I've written some ugly code that does this, but I'm sure there is something nicer. Extra points if you can set an arbitrary length delimiter (i.e. split the list after seeing N delimiters).
I don't think there's going to be a nice, elegant solution to this (I'd love to be proven wrong of course) so I would suggest something straightforward:
def nSplit(lst, delim, count=2):
output = [[]]
delimCount = 0
for item in lst:
if item == delim:
delimCount += 1
elif delimCount >= count:
output.append([item])
delimCount = 0
else:
output[-1].append(item)
delimCount = 0
return output
>>> nSplit(['a', 'b', 'X', 'X', 'c', 'd', 'X', 'X', 'f', 'X', 'g'], 'X', 2)
[['a', 'b'], ['c', 'd'], ['f', 'g']]
Here's a way to do it with itertools.groupby():
import itertools
class MultiDelimiterKeyCallable(object):
def __init__(self, delimiter, num_wanted=1):
self.delimiter = delimiter
self.num_wanted = num_wanted
self.num_found = 0
def __call__(self, value):
if value == self.delimiter:
self.num_found += 1
if self.num_found >= self.num_wanted:
self.num_found = 0
return True
else:
self.num_found = 0
def split_multi_delimiter(items, delimiter, num_wanted):
keyfunc = MultiDelimiterKeyCallable(delimiter, num_wanted)
return (list(item
for item in group
if item != delimiter)
for key, group in itertools.groupby(items, keyfunc)
if not key)
items = ['a', 'b', 'X', 'X', 'c', 'd', 'X', 'X', 'f', 'X', 'g']
print list(split_multi_delimiter(items, "X", 2))
I must say that cobbal's solution is much simpler for the same results.
Use a generator function to maintain state of your iterator through the list, and the count of the number of separator chars seen so far:
l = ['a', 'b', 'X', 'X', 'c', 'd', 'X', 'X', 'f', 'X', 'g']
def splitOn(ll, x, n):
cur = []
splitcount = 0
for c in ll:
if c == x:
splitcount += 1
if splitcount == n:
yield cur
cur = []
splitcount = 0
else:
cur.append(c)
splitcount = 0
yield cur
print list(splitOn(l, 'X', 2))
print list(splitOn(l, 'X', 1))
print list(splitOn(l, 'X', 3))
l += ['X','X']
print list(splitOn(l, 'X', 2))
print list(splitOn(l, 'X', 1))
print list(splitOn(l, 'X', 3))
prints:
[['a', 'b'], ['c', 'd'], ['f', 'g']]
[['a', 'b'], [], ['c', 'd'], [], ['f'], ['g']]
[['a', 'b', 'c', 'd', 'f', 'g']]
[['a', 'b'], ['c', 'd'], ['f', 'g'], []]
[['a', 'b'], [], ['c', 'd'], [], ['f'], ['g'], [], []]
[['a', 'b', 'c', 'd', 'f', 'g']]
EDIT: I'm also a big fan of groupby, here's my go at it:
from itertools import groupby
def splitOn(ll, x, n):
cur = []
for isdelim,grp in groupby(ll, key=lambda c:c==x):
if isdelim:
nn = sum(1 for c in grp)
while nn >= n:
yield cur
cur = []
nn -= n
else:
cur.extend(grp)
yield cur
Not too different from my earlier answer, just lets groupby take care of iterating over the input list, creating groups of delimiter-matching and not-delimiter-matching characters.
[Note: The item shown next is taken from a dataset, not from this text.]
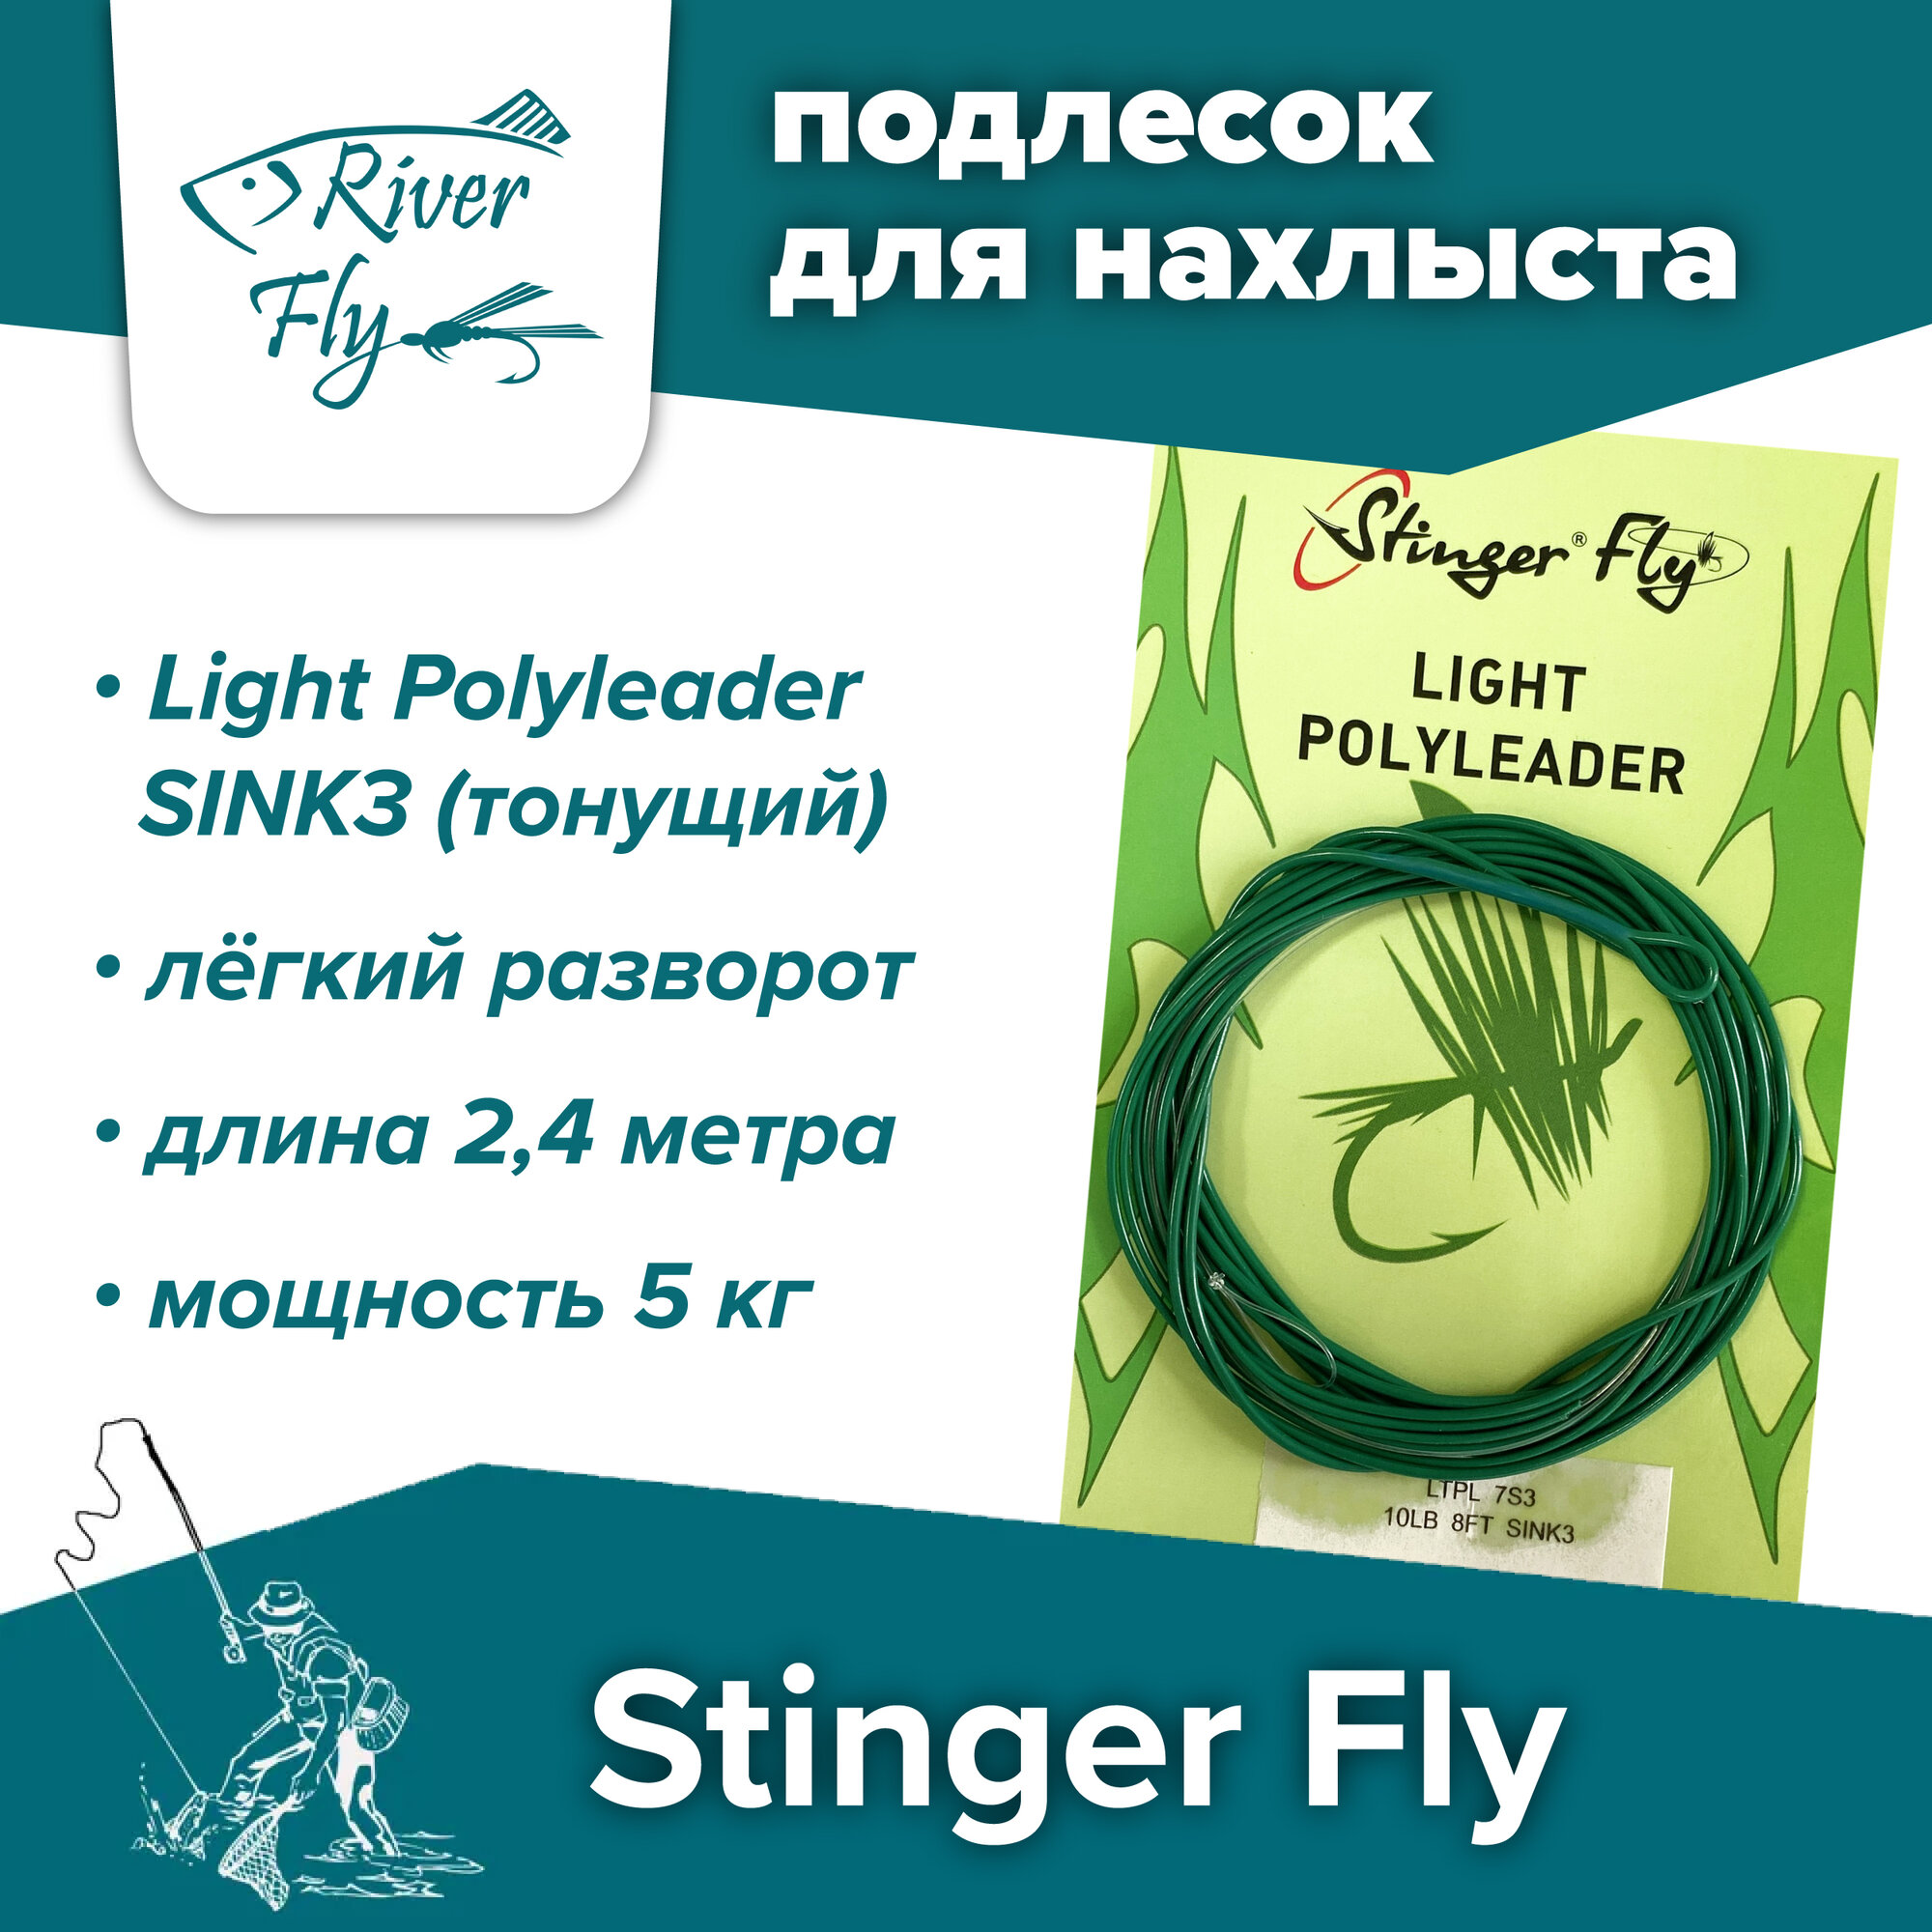 Подлесок для нахлыста конусный Stinger Fly 10LB 8FT SINK3 (5 кг / 2,4 м) тонущий Light Polyleader

The non-matching characters just get added onto the current element, the matching character groups do the work of breaking up new elements. For long lists, this is probably a bit more efficient, as groupby does all its work in C, and still only iterates over the list once.
a = ['a', 'b', 'X', 'X', 'c', 'd', 'X', 'X', 'f', 'X', 'g']
b = [[b for b in q if b != 'X'] for q in "".join(a).split("".join(['X' for i in range(2)]))]
this gives
[['a', 'b'], ['c', 'd'], ['f', 'g']]
where the 2 is the number of elements you want. there is most likely a better way to do this.
Very ugly, but I wanted to see if I could pull this off as a one-liner and I thought I would share. I beg you not to actually use this solution for anything of any importance though. The ('X', 3) at the end is the delimiter and the number of times it should be repeated.
(lambda delim, count: map(lambda x:filter(lambda y:y != delim, x), reduce(lambda x, y: (x[-1].append(y) if y != delim or x[-1][-count+1:] != [y]*(count-1) else x.append([])) or x, ['a', 'b', 'X', 'X', 'c', 'd', 'X', 'X', 'f', 'X', 'g'], [[]])))('X', 2)
EDIT
Here's a breakdown. I also eliminated some redundant code that was far more obvious when written out like this. (changed above also)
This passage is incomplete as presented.